START AVAILABLE DATA

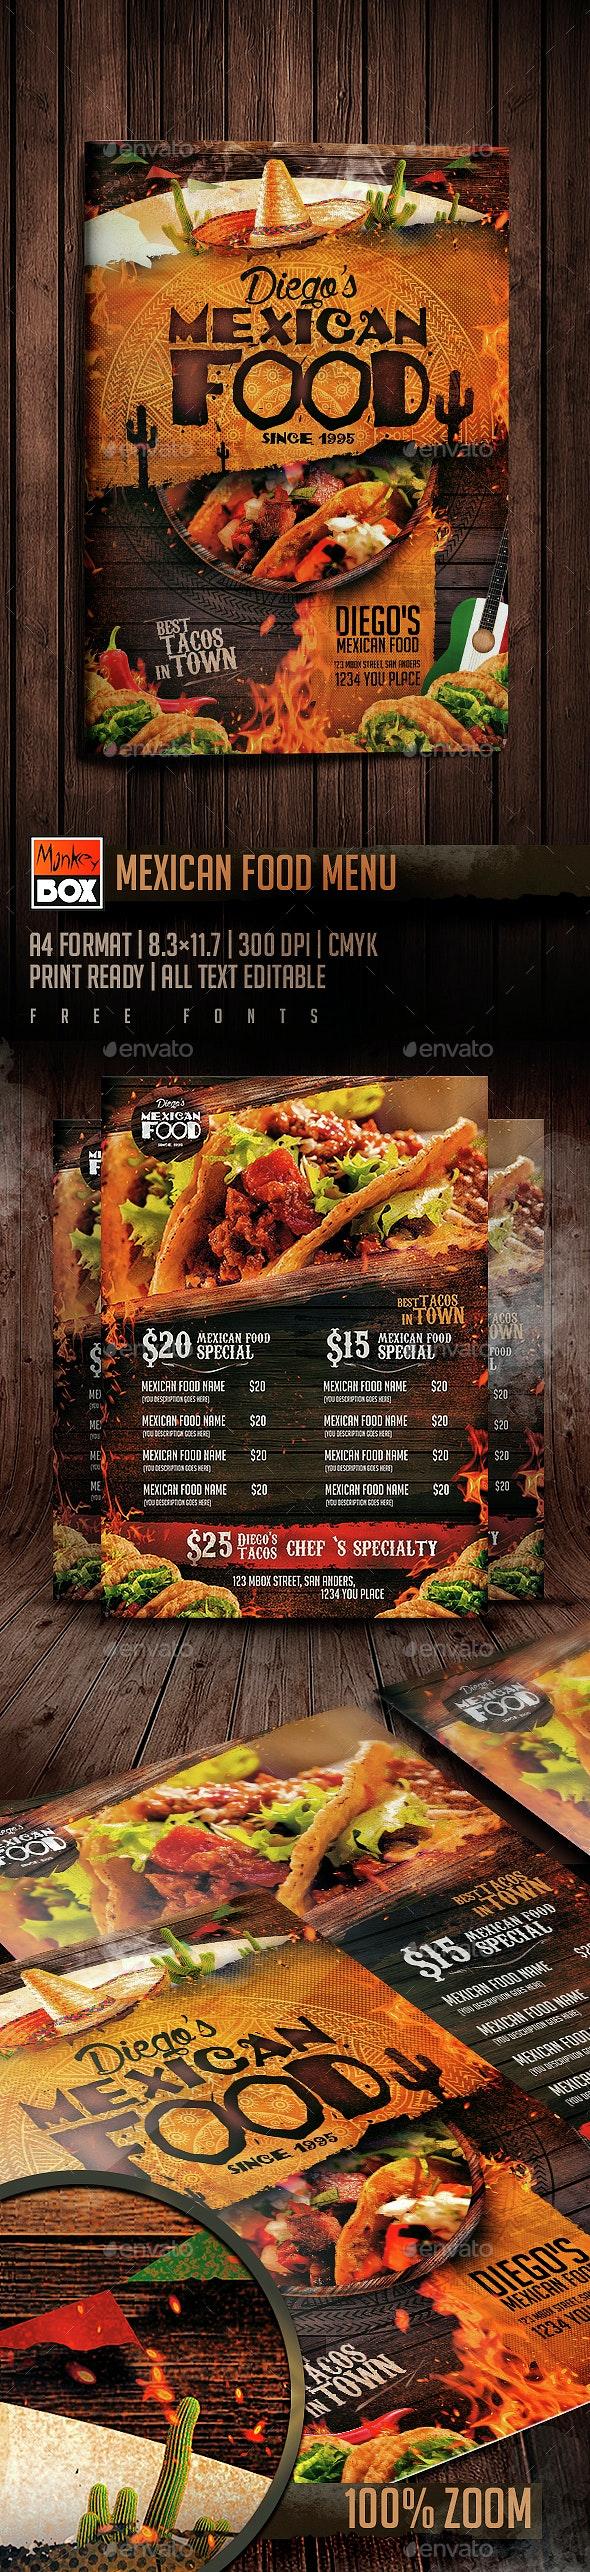 Mexican Food Menu - Restaurant Flyers
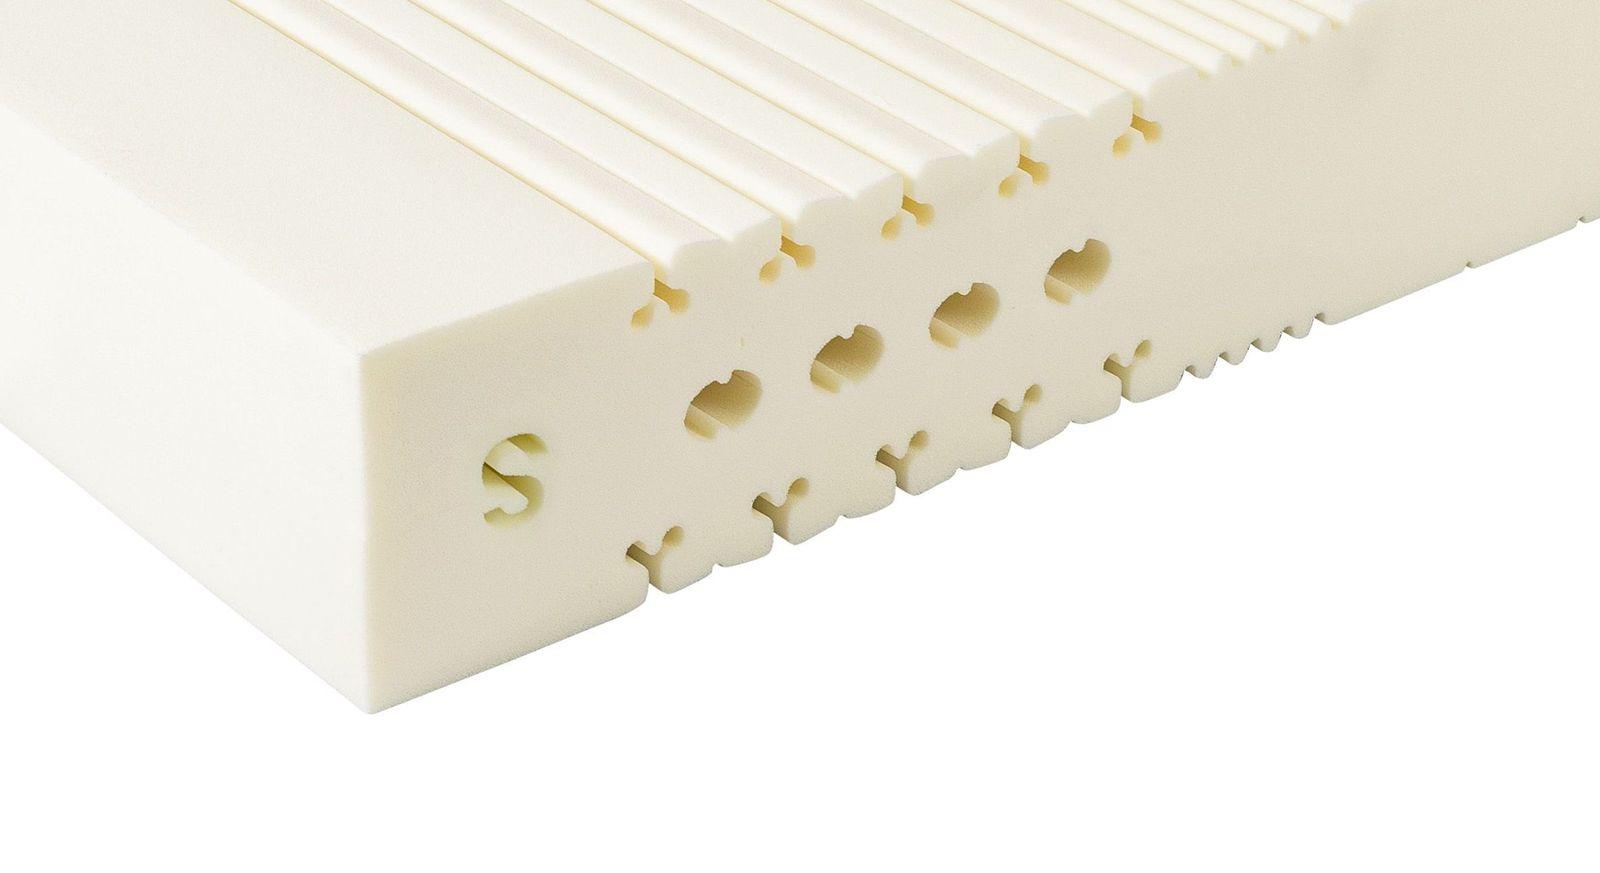 Kaltschaum-Matratze orthowell premium mit durchgängigen Einschnitten
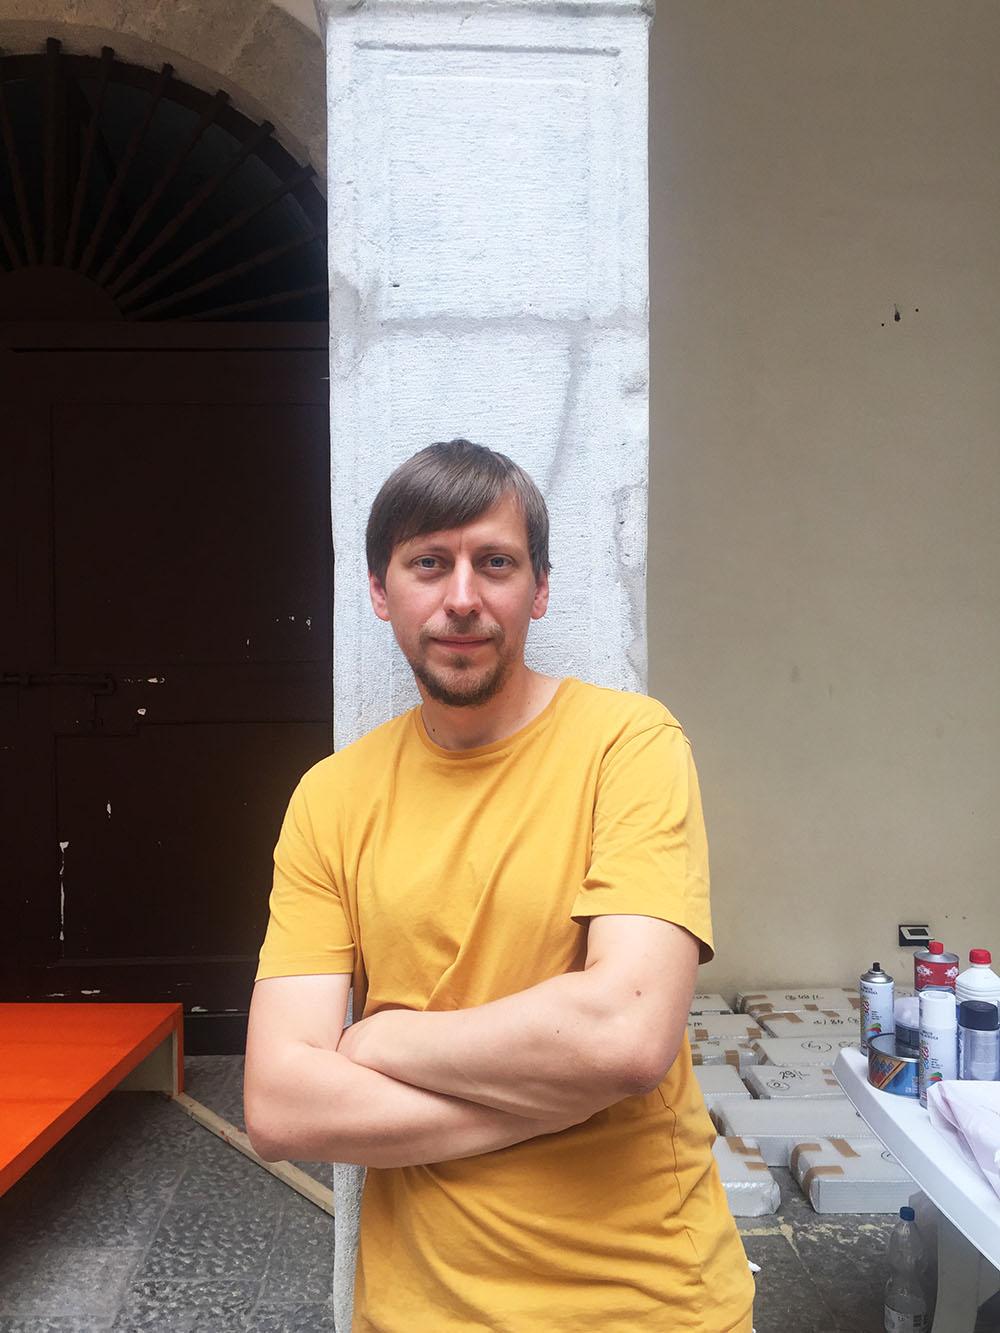 Manifesta Biennale | I 'Giochi Senza Frontiere' di Marcin Dudek riflettono e frantumano passato e presente

END AVAILABLE DATA

**TASK GOAL:**
Word for word, restate every line of the listing, omitting the pictures.

**ANSWER TO THE PROBLEM:**
 Mexican Food Menu - Restaurant Flyers
 Kaltschaum-Matratze orthowell premium mit durchgängigen Einschnitten
 Manifesta Biennale | I 'Giochi Senza Frontiere' di Marcin Dudek riflettono e frantumano passato e presente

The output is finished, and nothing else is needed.